This blog was co-written with Alizée Boutard, Senior Project Manager, and Diana-Paula Gherasim, Analyst, for Altai Consulting, who were commissioned for the data collection and analysis for this research piece.
With the support from the GDI Hub as part of its AT2030 initiative, in June and July, the GSMA Assistive Tech programme conducted deep-dives in Kenya and Bangladesh to explore ownership and access to mobile phones and services by persons with disabilities (PWD). We completed 1,000 surveys and 40 qualitative interviews with disabled persons in each country, broken down by type of disability from visual, hearing, mobility and others. Findings are complimented by key informant interviews from both markets. The research focused on the different stages in the use of mobile phones and services, including challenges around the usability of mobile phones and the user-journey of mobile money, mobile internet and access to public services.
Given that research in this field is very limited we wanted to share our primary research experience with others who may find it valuable when conducting research with PWD.
Lessons from conducting research with persons with disabilities
Getting a representative sample is challenging
One of the main challenges when conducting quantitative research on disability is to ensure the representability of the sample. It can be challenging to identify persons with certain types of disability, such as psycho-social disabilities, as these disabilities tend to be underreported by respondents. For logistical reasons, survey interviews were conducted in a central location, with the support of Disabled Persons Organisations (DPOs), rather than being conducted door-to-door. This however, makes it more difficult to capture certain segments of the population such as women or older respondents, who are not always permitted or might not feel comfortable travelling to participate in a survey.
Collaborating with DPOs is key
A total of 10 DPOs collaborated with us in Kenya, while in Bangladesh we worked with one umbrella organisation with links to over 350 DPOs. The latter approach of working with an umbrella organisation proved to be significantly more efficient.

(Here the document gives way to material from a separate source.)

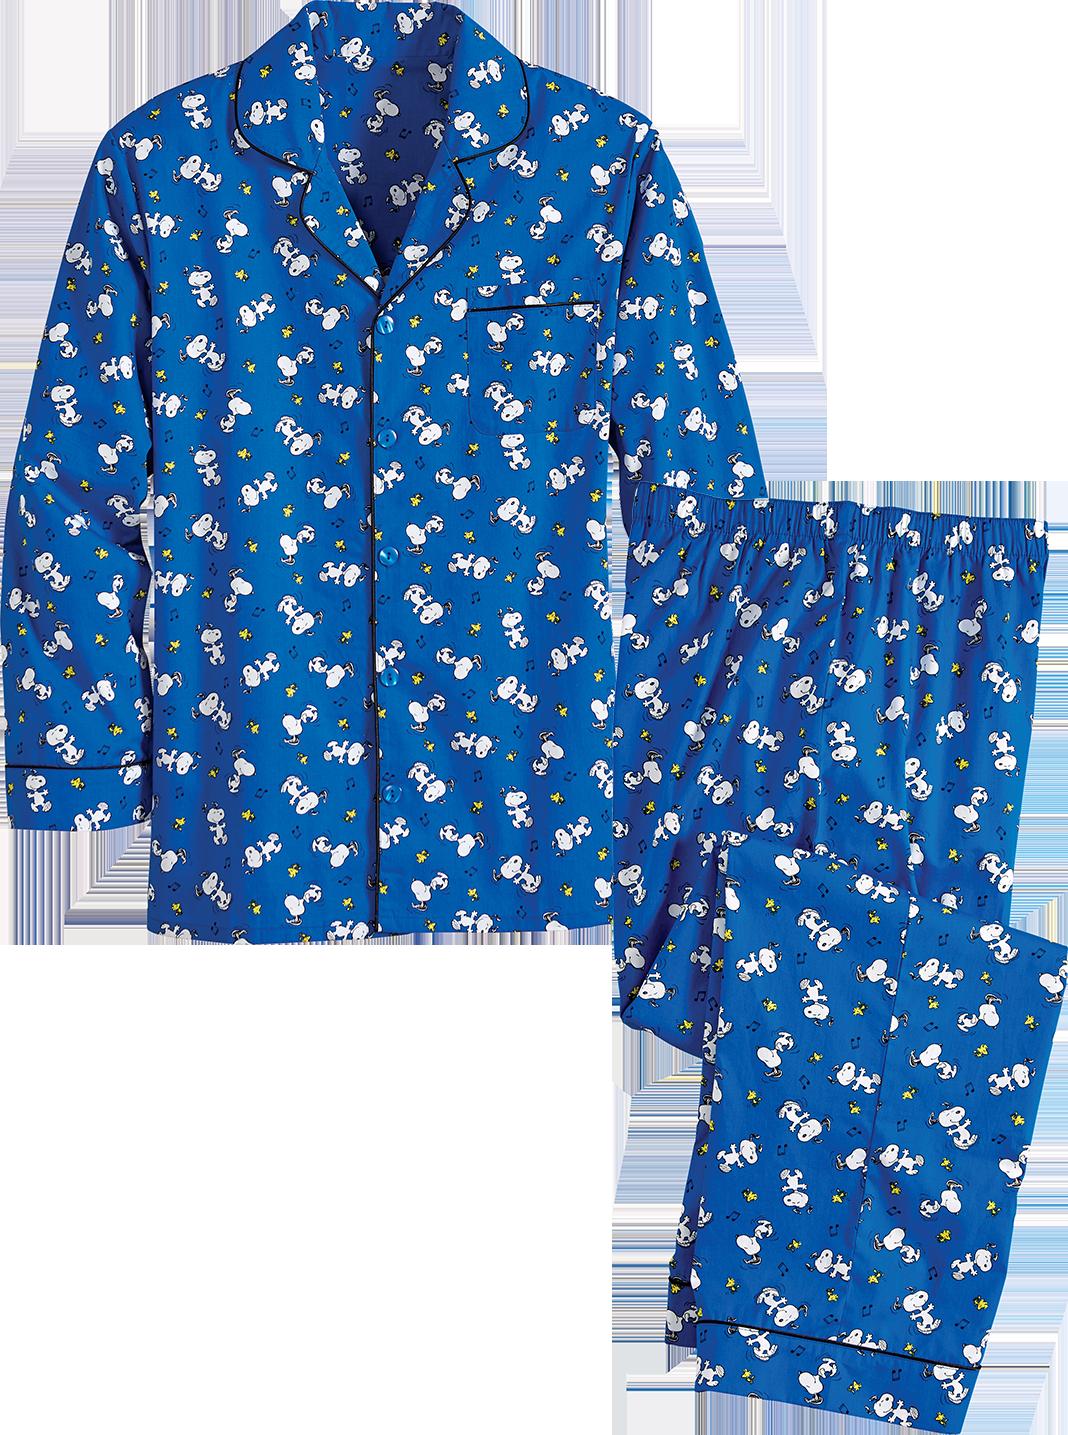 Pajamas Images Usseek Com

On the whole, DPOs showed a great interest in this research as they have perceived the challenges faced by PWD when accessing and utilising mobile products and services. DPOs work within communities and they know the community members, their needs and realities as they work closely to provide them with support services. Working jointly with DPOs therefore provided us with the much needed contextual understanding of the lives of PWD. DPOs were able to identify the different profiles and backgrounds required for the target research quotas and mobilise participation within the community. They also advised on appropriate participation compensation for PWD, their guides (in the case of visually impaired participants) and in some cases their carers. This was well received by participants.

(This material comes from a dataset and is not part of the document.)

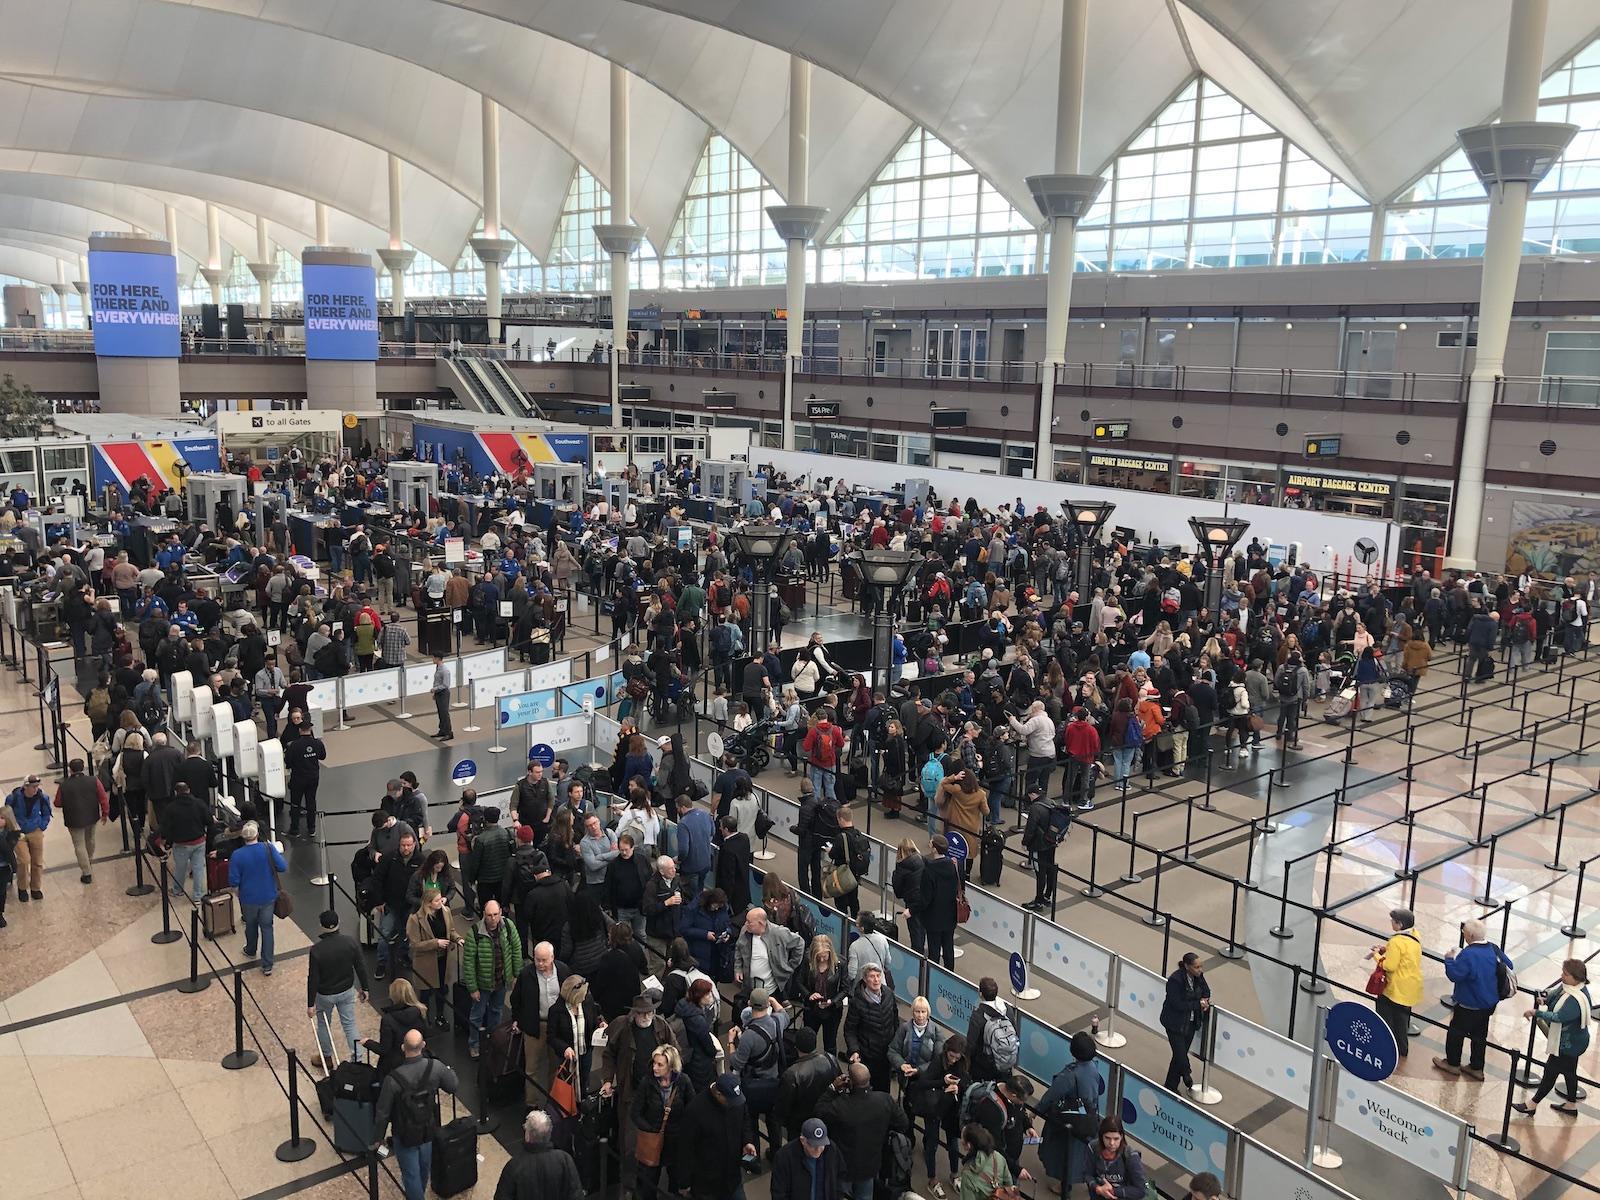 Jeppesen Terminal Denver Airport Crowd

Finding participants can be challenging
We employed quota sampling to ensure that different population groups were included; hence, we set quotas by type of disability, age, gender and environment. Reaching some of these quotas proved to be quite challenging, specifically for the elderly and female quotas as well as for the “other” type of disability.
Identifying participants older than 45 years of age was a challenge as it is not uncommon that older people live in remote rural areas and are less connected than people in the younger age groups. Those working in this type of research should consider rural field trips to ensure discoverability and access to the elderly. Also, when interviewing elderly participants, low literacy levels made it challenging for them to comprehend and communicate certain concepts. For instance, elderly hearing impaired or deaf participants may not have been taught sign language which limits the possibility to communicate effectively with them.
Women with disabilities are a highly marginalised group and worse off than other disabled individuals. It was particularly challenging to identify female participants above 40 years of age. Insights from DPOs and experts suggest that the reasons for this are that their families tend to encourage them to stay at home and do domestic activities and small jobs (i.e. cleaning, cooking, sewing, taking care of children, etc.).
Finally, some disabilities are harder to identify than others. The stigma that surrounds psycho-social disabilities makes it difficult even for DPOs to reach out to individuals. Also, some individuals with these conditions may either not identify themselves as disabled or may not feel comfortable to publicly disclose their disability. In Bangladesh, finding participants that communicated using sign language was also challenging. The support and role of DPOs was key to communicate the research and find enough participants to be involved in the research.
Early insights from the research
Stigma and negative perceptions of disability still persist
In our report published last year, we reported that PWD suffer a high degree of isolation and are often stigmatised and discriminated by their communities. This was frequently mentioned during our interviews with PWD and key informants. For instance, it is not uncommon that PWD are segregated by their families and kept at home, without any access to support communities. This often limits their access to education or employment. Systemic barriers also exist as the majority of services have not been design with accessibility standards in mind.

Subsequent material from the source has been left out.